Event-Driven Tag Delivery in IIoT: Why Polling Everything at Fixed Intervals Is Wasting Your Bandwidth [2026]

Most IIoT deployments start the same way: poll every PLC register every second, serialize all values to JSON, and push everything to the cloud over MQTT. It works — until your cellular data bill arrives, or your broker starts choking on 500,000 messages per day from a single gateway, or you realize that 95% of those messages contain values that haven't changed since the last read.

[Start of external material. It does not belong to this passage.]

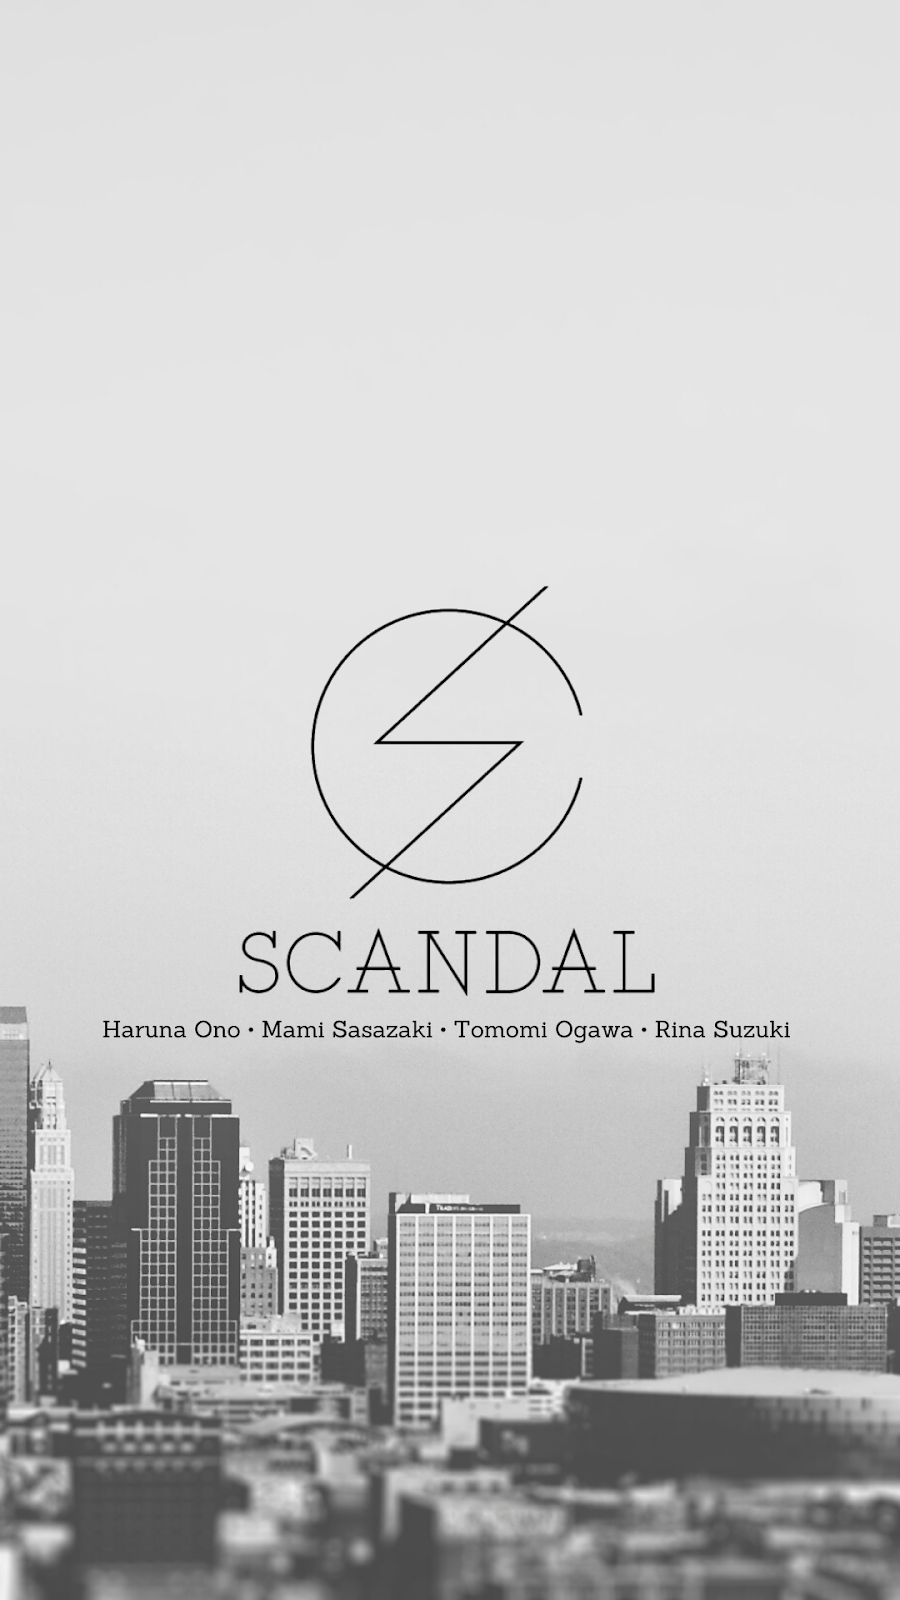 Scandal Japan Band Wallpaper Collection Wallpaper Scandal Band From Japan

The reality of industrial data is that most values don't change most of the time. A chiller's tank temperature drifts by a fraction of a degree per minute. A blender's motor state is "running" for 8 hours straight. A conveyor's alarm register reads zero all day — until the instant it doesn't, and that instant matters more than the previous 86,400 identical readings.
This guide covers a smarter approach: event-driven tag delivery, where the edge gateway reads at regular intervals but only transmits when something actually changes — and when something does change, it can trigger reads of related tags for complete context.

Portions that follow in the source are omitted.